In this version, the controller rolls out new nodes in the workload cluster whenever the user upgrades the management cluster and its management components.
In eksctl anywhere
version v0.16.0
, we changed this behavior to allow users to be explicit when deciding which clusters to upgrade.
Therefore, workload clusters are no longer affected by management cluster upgrades.
Due to this change, each cluster must be individually upgraded to enjoy the latest features on all clusters.
If you have a management cluster running EKS Anywhere version v0.15, you can successfully upgrade to EKS Anywhere version v0.16 and observe no changes to any of its workload clusters.
When triggering a workload cluster upgrade after upgrading the management cluster, please keep in mind that it will not only apply your changes in the workload cluster spec, but also any new improvements included in the new EKS Anywhere controller that was upgraded on the management cluster. The changes in the EKS Anywhere controller can trigger a machine rollout on the workload cluster during upgrade, even if the changes to the workload cluster spec didn’t require one (for example, scaling down a worker node group).
Starting with EKS Anywhere v0.18, the image
/template
should include the Kubernetes version (either Cluster.Spec.KubernetesVersion
or Cluster.Spec.WorkerNodeGroupConfiguration[].KubernetesVersion
in the case of modular upgrades). For example, if the Kubernetes version is 1.24, the image
/template
must include 1.24, 1_24, 1-24 or 124.
Prepare DHCP IP addresses pool
Please make sure to have sufficient available IP addresses in your DHCP pool to cover the new machines. The number of necessary IPs can be calculated from the machine counts and maxSurge config . For create operation, each machine needs 1 IP. For upgrade operation, control plane and workers need just 1 extra IP (total, not per node) due to rolling upgrade strategy. Each external etcd machine needs 1 extra IP address (ex: 3 etcd nodes would require 3 more IP addresses) because EKS Anywhere needs to create all the new etcd machines before removing any old ones. You will also need additional IPs to be equal to the number used for maxSurge. After calculating the required IPs, please make sure your environment has enough available IPs before performing the upgrade operation.
- Example 1, to create a cluster with 3 control plane node, 2 worker nodes and 3 stacked etcd, you will need at least 5 (3+2+0, as stacked etcd is deployed as part of the control plane nodes) available IPs. To upgrade the same cluster with default maxSurge (0), you will need 1 (1+0+0) additional available IPs.
- Example 2, to create a cluster with 1 control plane node, 2 worker nodes and 3 unstacked (external) etcd nodes, you will need at least 6 (1+2+3) available IPs.
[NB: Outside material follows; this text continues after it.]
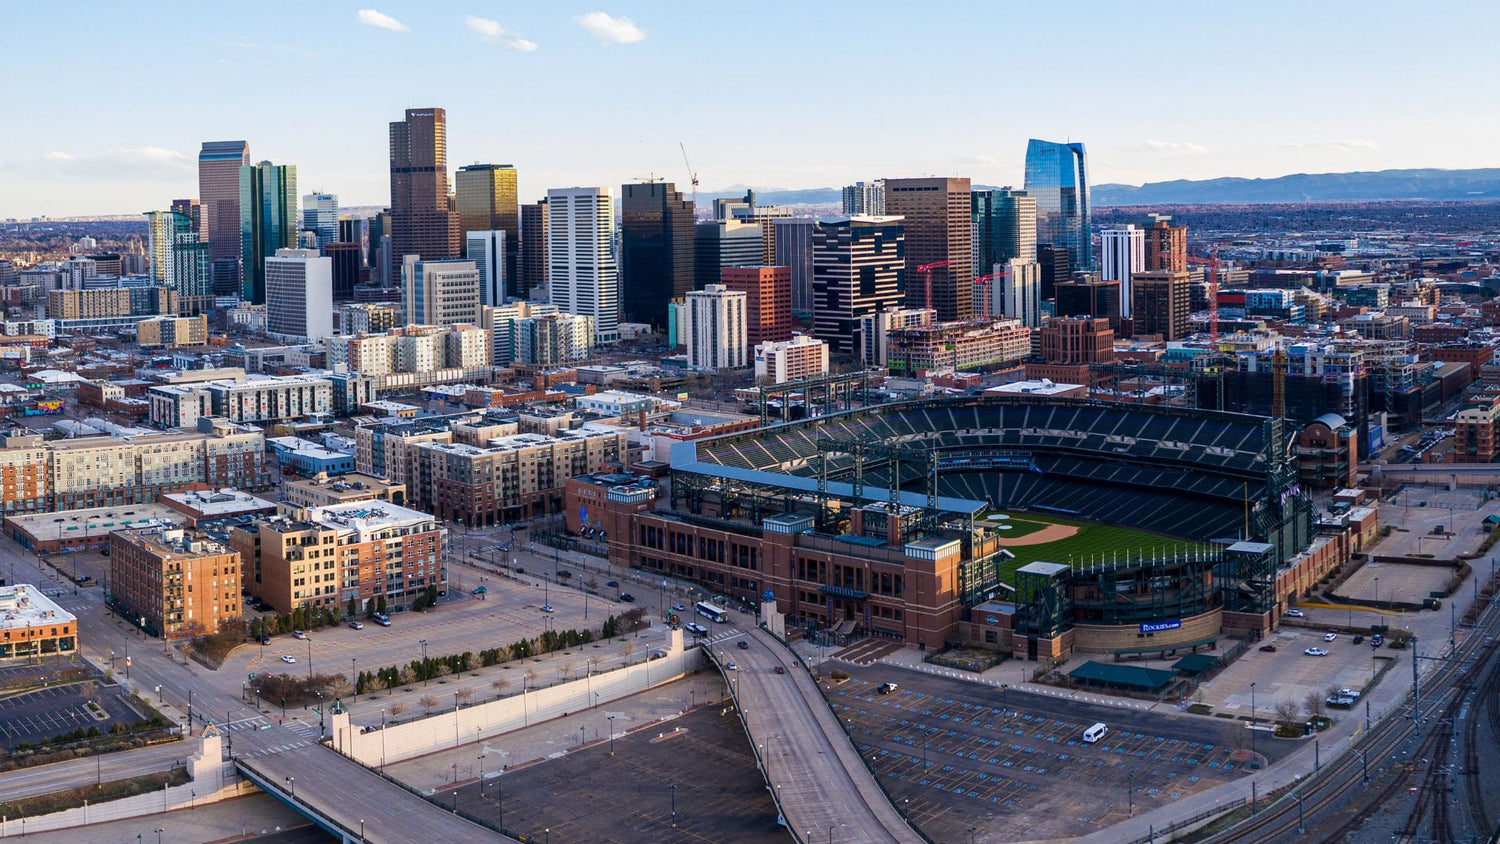 Aerial view of Denver, CO including Coors Field. - History By Mail

To upgrade the same cluster with default maxSurge (0), you will need at least 4 (1+3+0) additional available IPs.
- Example 3, to upgrade a cluster with 1 control plane node, 2 worker nodes and 3 unstacked (external) etcd nodes, with maxSurge set to 2, you will need at least 6 (1+3+2) additional available IPs.
EKS Anywhere Version Upgrades
We encourage that you stay up to date with the latest EKS Anywhere version, as new features, bug fixes, or security patches might be added in each release. You can find the content, such as supported OS versions and changelog, of each EKS Anywhere version on the What’s New page.
Download the latest or target EKS Anywhere release
and run eksctl anywhere upgrade cluster
command to upgrade a cluster to a specific EKS Anywhere version.
Workload clusters can also be upgraded via the API (kubectl apply
or GitOps) by changing bundlesRef
for EKS Anywhere version 0.16.5 or below. Starting from v0.17.0, bundlesRef
can be set to null and eksaVersion
can be used instead.
bundlesRef
is a reference to a bundles resource (collection of dependencies needed by an EKS Anywhere cluster) on the cluster whereas eksaVersion
must be a valid SemVer value that maps to an EKSARelease resource on the cluster via the EKSARelease name. Both of these fields are automatically updated by EKS Anywhere and only need to be manually changed when upgrading via the API. The supported values for eksaVersion
can be obtained by running kubectl get eksareleases -n eksa-system
. For an EKSARelease with the name eksa-vX-X-X-prereleaseMetadata-plus-buildMetadata, eksaVersion
can be set to vX-X-X-preleaseMetadata+buildMetadata.
The workload’s version may not exceed the management cluster. Any upgrades to eksaVersion
must also be sequential relative to minor version. However, you can choose to skip patch versions.
Skipping Amazon EKS Anywhere minor versions during cluster upgrade (such as going from v0.14 directly to v0.16) is NOT allowed. EKS Anywhere team performs regular upgrade reliability testing for sequential version upgrade (e.g. going from version 0.14 to 0.15, then from version 0.15 to 0.16), but we do not perform testing on non-sequential upgrade path (e.g. going from version 0.14 directly to 0.16). You should not skip minor versions during cluster upgrade. However, you can choose to skip patch versions.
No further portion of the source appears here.